Any excuse is always perfect for me to talk about punch grafting. But this time I have a “scientifically important” reason to do it. We have just published an article about the benefit of this technique in painful wounds, and it is the longest series with the greatest variety of aetiologies published so far. Antes de continuar, me gustaría mencionar la gran labor en la recogida y análisis de datos para este estudio que realizó Yasmin de Farias Khayat, en su momento estudiante de último curso de Medicina en Brasil. Nos acordamos mucho de ti…:)
In other enties of the blog we have already talked about the interest of grafting hard-to-heal wounds, despite not having wound beds with ideal conditions, to reduce pain and promote healing, thanks to the growth factors released.
The analgesic effect of punch grafting had already been registered in two previous case series. Fourgeaud et al included 41 patients, with a mean age of 73 years, who mainly presented with venous, arterial and Martorell’s ulcers. Pain was assessed by a numerical scale before, on the day after graft coverage and at discharge. In most patients, basal and breakthrough pain showed significant improvement from the first day after the procedure (75%) and this pain control increased to 90% on the last day in hospital. They also found a reduction in opioid use after the procedure. Nordström et al presented a series of 22 patients with leg and diabetic foot ulcers, all presenting with adequate granulation tissue. The mean score recorded with the visual analogue scale (VAS) for pain was 4.2 before grafting, compared to 0.8 one week later.
Now let’s get on with our series!

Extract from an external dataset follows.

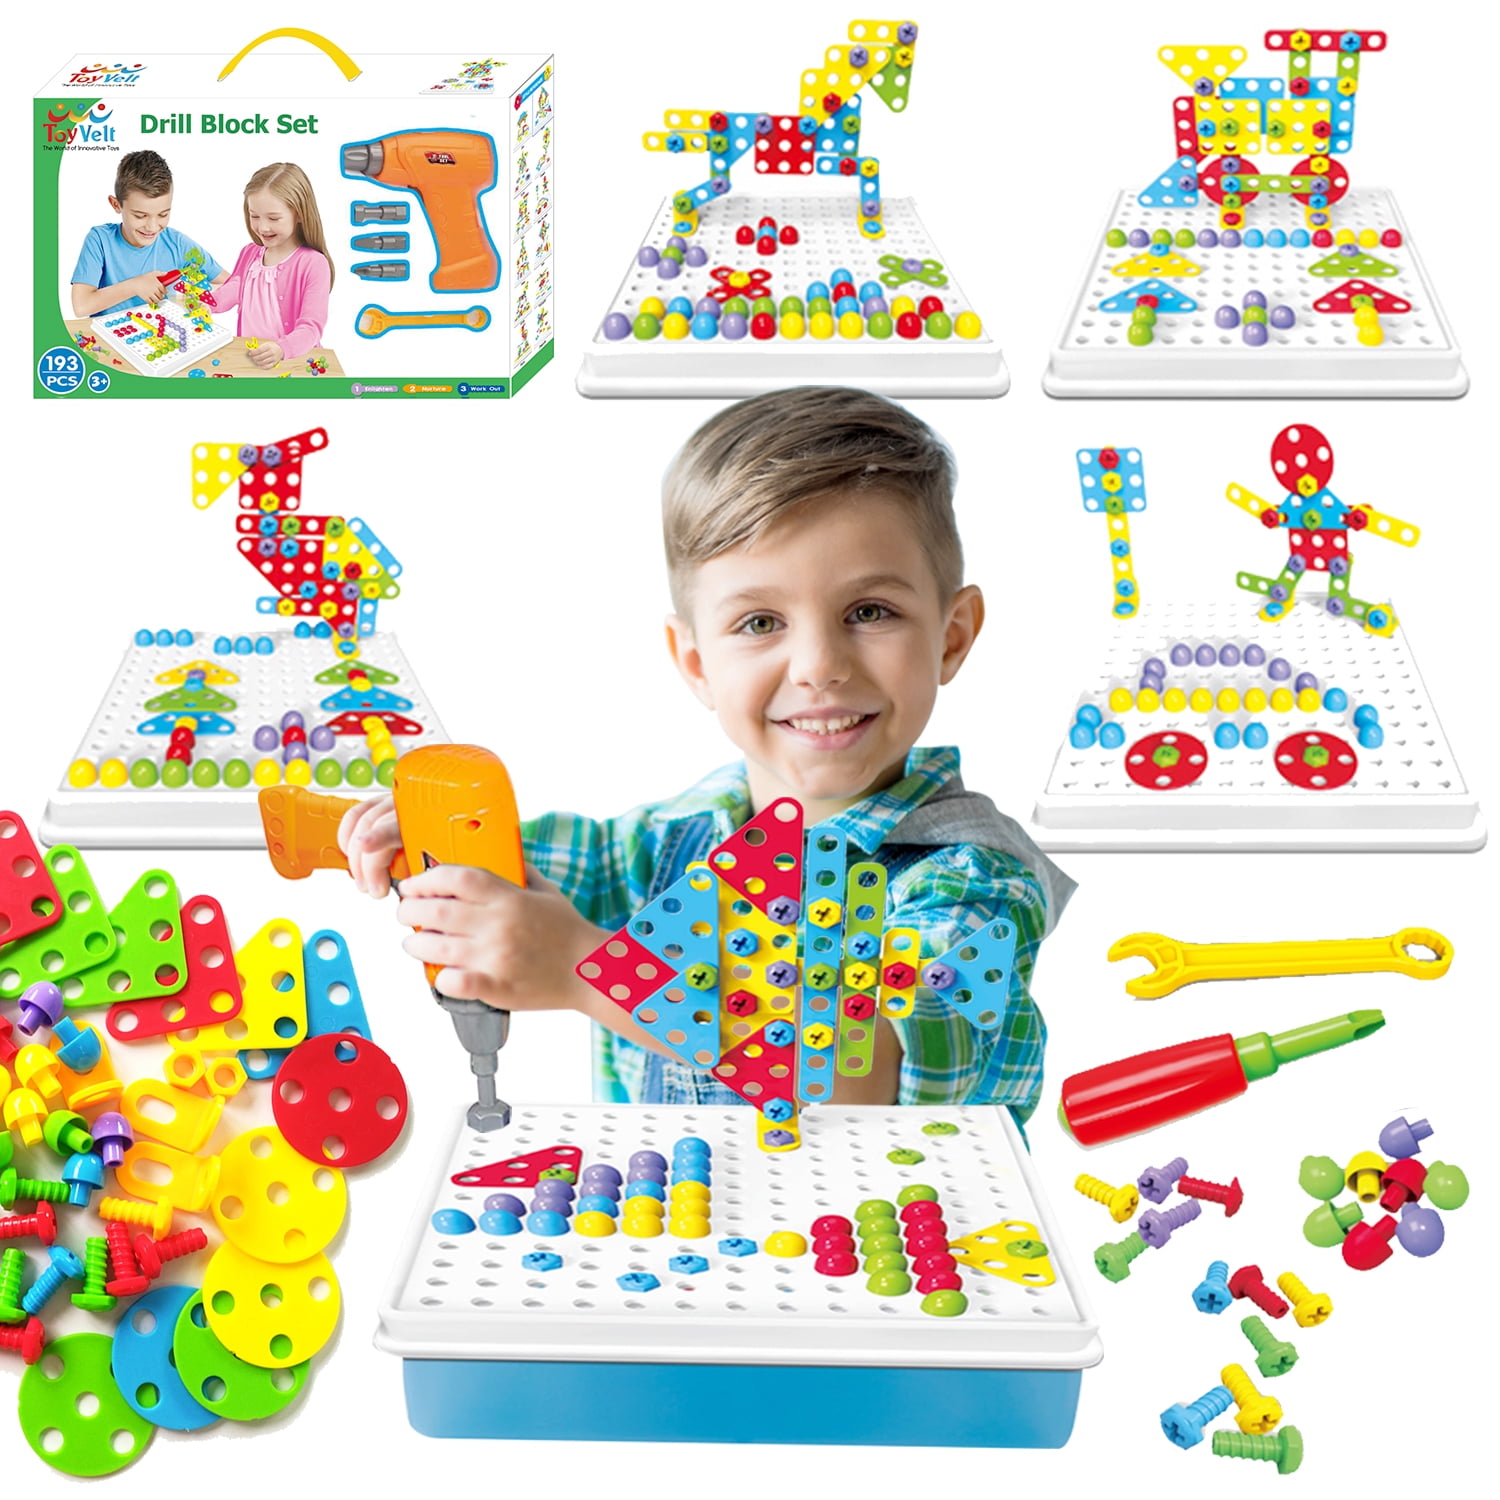 DIY Educational Puzzles with Storage Box for Boys and Girls HAPTIME STEM Learning Toys Construction Engineering Building Block Games with Toy Drill & Screw Driver Tool Set 181 Drill Puzzles

Although you have the full article at the end of the post, I will make a brief summary:
We conducted a prospective study including 136 patients, with an average age of 60. This is the distribution by ulcer etiolog:
- 51 venous ulcers (38%)
- 29 post-surgical ulcers (21%)
- 15 Martorell ulcers (11%)
- 15 post-traumatic ulcers (11%)
- 4 arterial ulcers (3%)
- 22 ulcers with other causes (16%)
We included patients with and without pain. We measured the pain intensity, with a visual analogue scale (VAS), before punch grafting (t0) and during the the following 3 weeks (t1,t2,t3). The main outcome was pain reduction.
Here are the main results and conclusions of the study:
- Pain reduction was clinically and statistically significant throughout the registered visits in the study.
- The 38 patients (28%) who presented with non-painful ulcers remained pain-free. In 73 patients (54%) complete pain suppression was achieved , while in 29 (21%) we obtained > 70% pain reduction at the third visit.
- Although pain intensity was only registered before the procedure and during the following 3 weekly visits, many patients reported that pain reduction had started shortly after the procedure, even on the same day.
- Unlike the other published series, many of the wounds included in our study did not have a wound bed with optimal conditions for grafting. However, this does not prevent the grafts from having analgesic power, as we found no correlation between the percentage of graft taking and pain reduction.
- Punch grafting may help control pain in any type of wound. Although its most widespread use is in venous and Martorell ulcers, as we see in the study, other wounds such as arterial, post-traumatic, post-surgical and atypical ulcers (post-vasculitis or inactive pyoderma gangrenosum) may also benefit from this simple technique.
- Although venous ulcers are not classically considered painful wounds, in our series half of patients with venous ulcers had an EVA score for pain >5 . At the time of the first follow-up visit, two-thirds of patients with venous ulcers had achieved complete pain suppression.
Acabo con las dos reflexiones con las que finaliza el artículo:
- ¿Cuáles son las barreras que impiden que la técnica del injerto en sello se extienda entre los profesionales sanitarios.
- ¿Cuál es el mecanismo exacto por el que los injertos en sello disminuyen el dolor independientemente del porcentaje de prendimiento?